We followed a dietary management plan, and using a combination of medications to slow bowel movement, and enemas for clean out, reached fairly effective management (meaning, few accidents during the day).  Then after regularity had been established, our boy’s surger conducted a simple surgery to install a small tube that established a passage to our son’s large intestine, from a tiny plastic hatch installed on his tummy and closed by a lid we refer to as his button.  This small plastic button opens to allow him to run the salt-water enema solution comfortably into the top of the bowels, to flush out his system in his once-a-day clean out.  It is simple, comfortable, and for us completely effective.  He simply does not have soiling accidents, nor constipation (another frequent problem of kids with IA) and he handle most of it himself.  For us, it is a five minute routine to prepare the enema solution.

That’s it.  The button has been changed once so far – an office visit, not a further surgery – in two or three years. 

Depending on the exact location and type of the defect, and the characteristic of different kids’ bodies, the treatment may be less extensive or different, and it is frequently different for girls and boys; but this has been our experience.

 

So, what does it mean to have Anal Atresia ( in daily life, school, sports)? But what about home life?

Right now, for our son, his condition makes just no difference to him (other than having 45 minutes sitting in quiet, for his homework or other things --- not really a bad thing).  He swims, plays sports, even has overnights with friends (by juggling his enema schedule he can safely have a normal overnight without having to do his chore in someone else’s house).  We all went car camping last summer for a week.  (We just packed our son a portable camping toilet to avoid tying up the campgrounds facility.)  Very few people he knows have the slightest inkling that he has a plastic button on his stomach, much less what it is for.

It was a while getting here, of course.  He spent years in a social welfare agency in China, where he was loved and sheltered but his condition wasn’t well managed.  When sent to a private kindergarten because he was recognized as exceptionally bright, he found himself teased and shunned by the community kids because of his diapers and odor.  Home in America, we moved him to pull-ups and a controlled diet to achieve management of the timing of his bowel movements. His school environment in America was understanding and his playmates forgiving, during that initial year or so in the pre-button days when accidents did happen despite all efforts  (a diet heavy on ‘constipating’ foods and eschewing fruits and the like, medication to stop his system, medication to start it) and he always had to have the extra change of clothing at school.  Doing it over, I would have done the installation of the button far earlier; it has made all the difference in the world – no more accidents at all.  We made it, and all that early effort recedes to the past.
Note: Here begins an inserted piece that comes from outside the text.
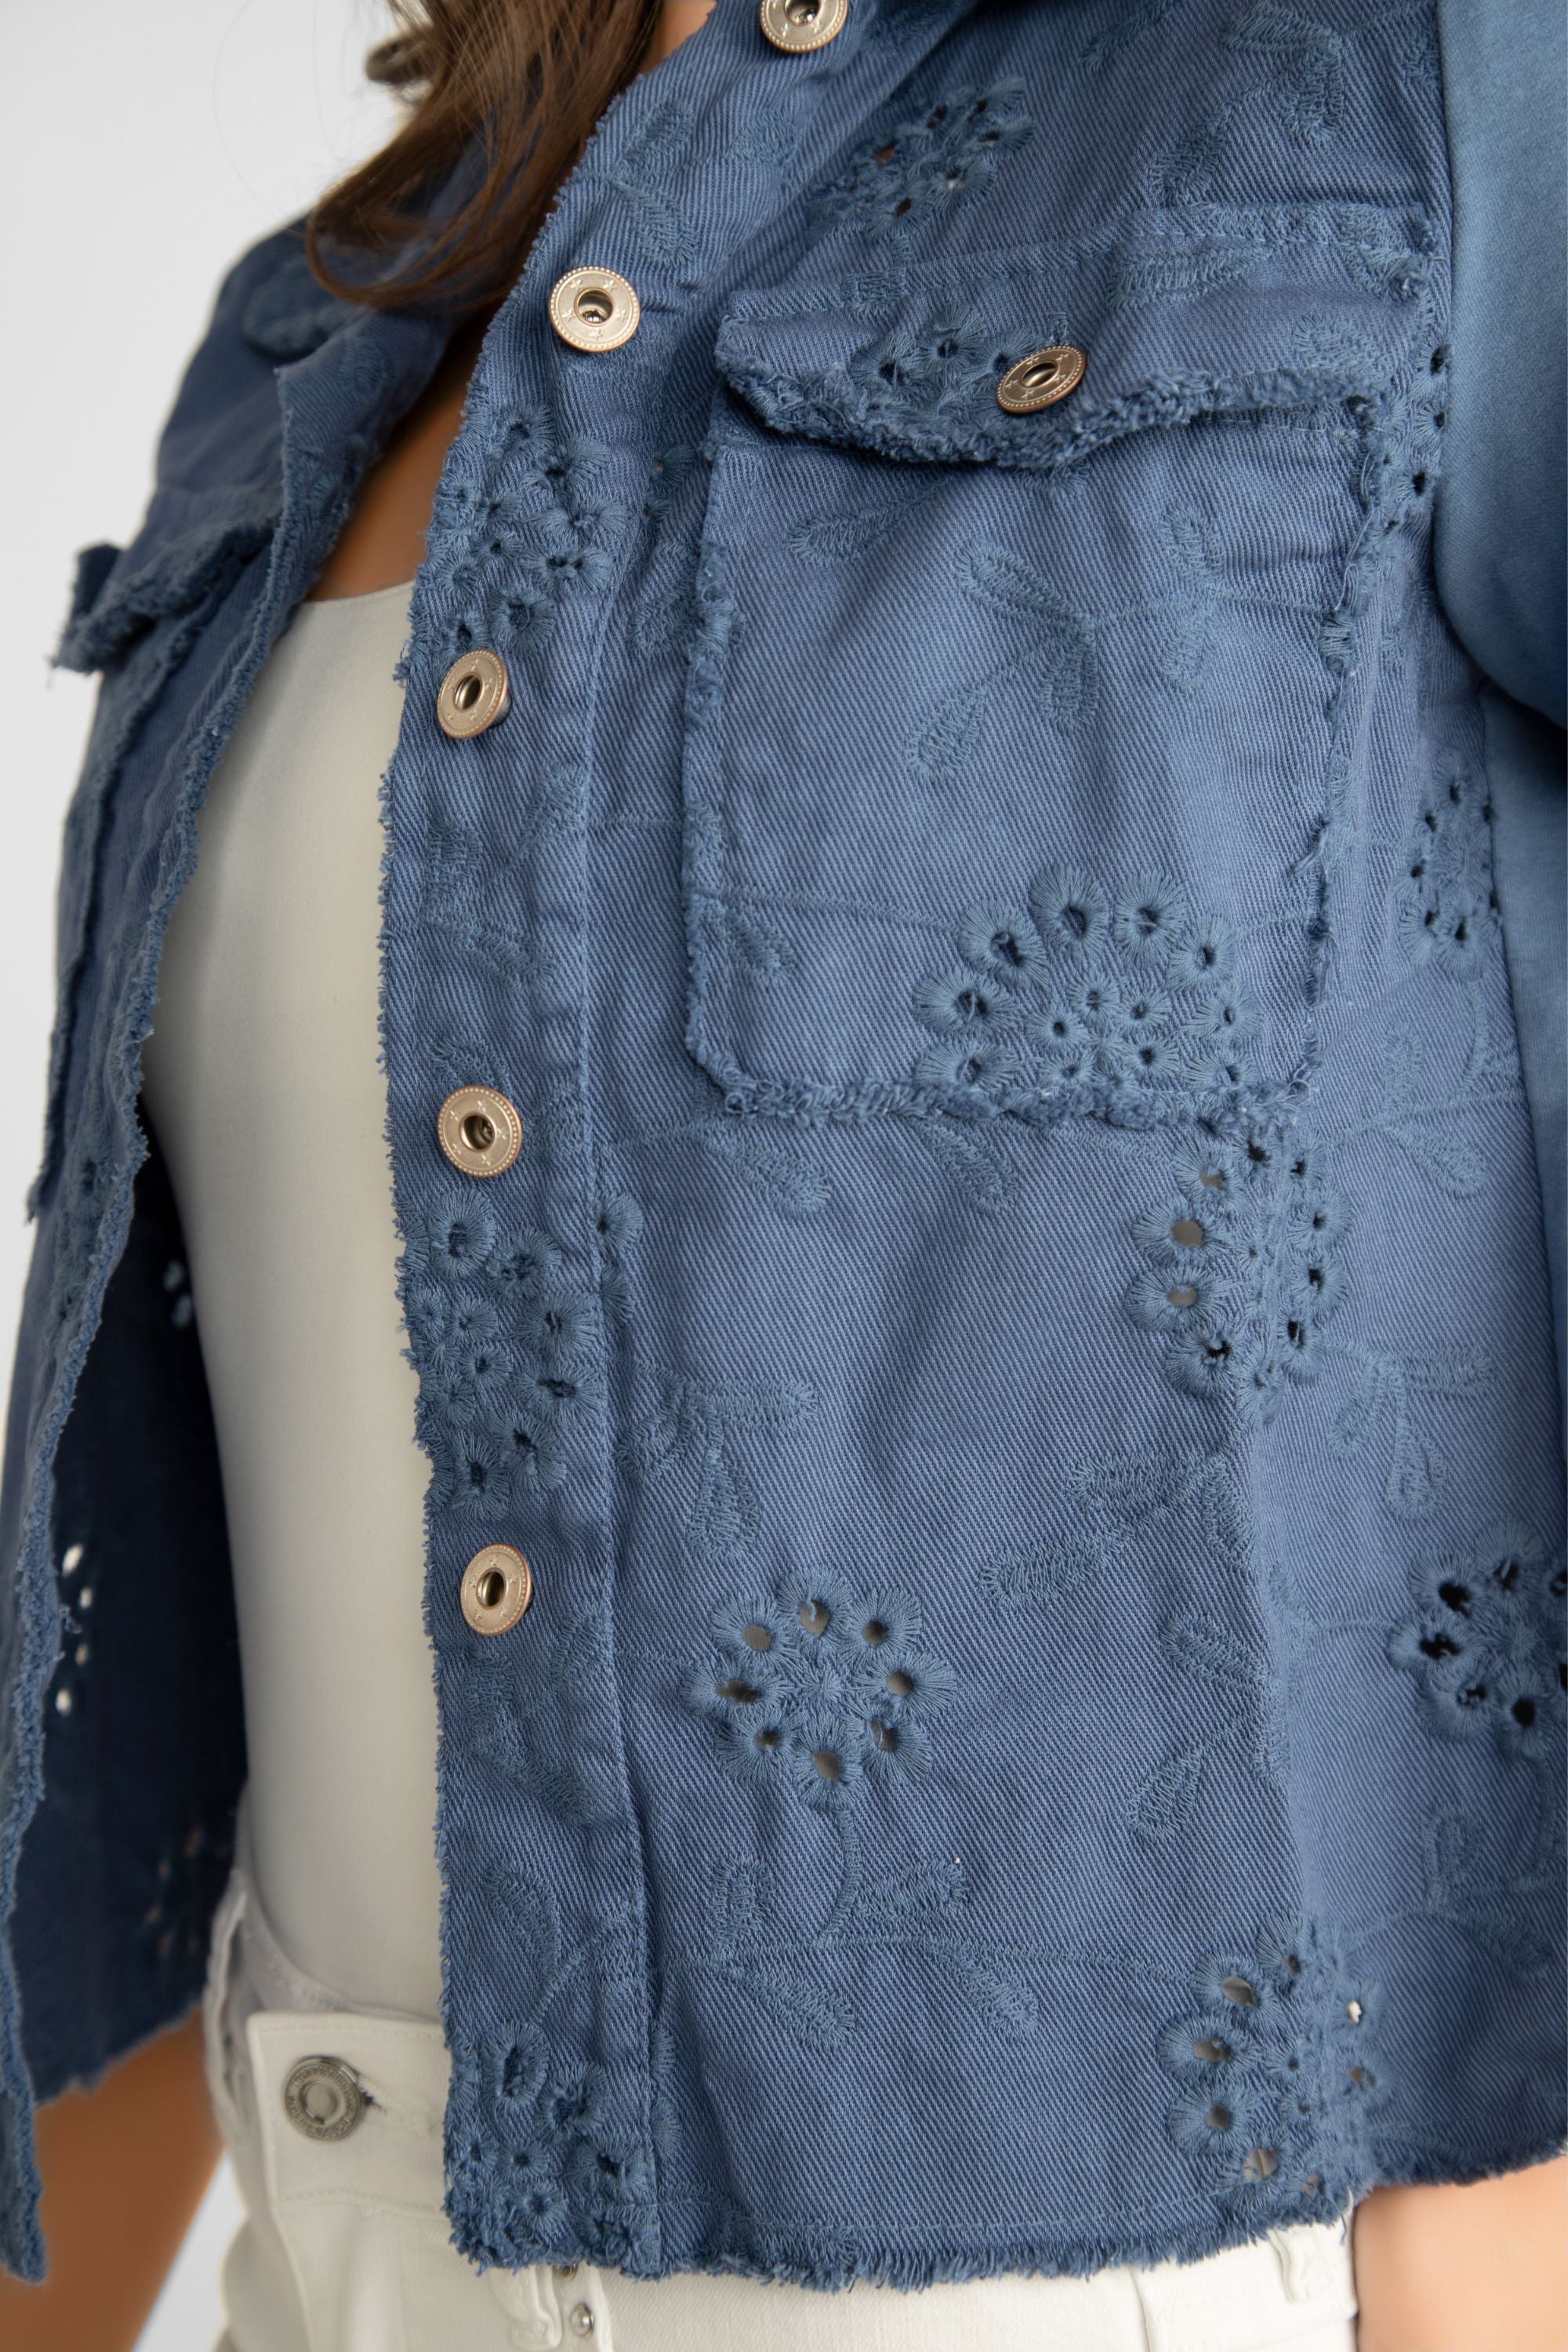 Femme Fatale (S1-23JKT) Women's Long Sleeve, Button Up Eyelet Lace Jean Jacket in Indigo Blue

He isn’t allowed to eat watermelon, still, and very little citrus, for fear of developing diarrhea but in other respects his diet has come to a perfectly normal one. 

 

Can we do this?

I’ll confess: when we committed to adopt our son, we thought that the indications were that he had gained bowel control, so we never really asked ourselves that question.  In retrospect, the answer is of course we could have, as we in fact have and the very idea that we might have been deterred is just chilling.  Americans have some special sensitivity about ‘poop’ issues; but frankly, if you can handle a baby and all the poop involved there for a couple of years, you can handle this (a good deal less challenging) esthetic issue for the time necessary to get in control.  After that, of course, it is a big nothing. 

 

If we adopt, what could our child with I. A. hope for in the future?   

For our son, the condition should make no difference to his future (which, as a mom, I modestly describe as dazzling), as it makes no difference to his present; he can take care of his whole routine himself if he needs to, at age 9, so he can be entirely independent.  As an adult he can look forward to a normal family life, as well as professional opportunities and a world of adventure and achievement.  He has no health issues – just this little structural difference, which our work-around handles splendidly.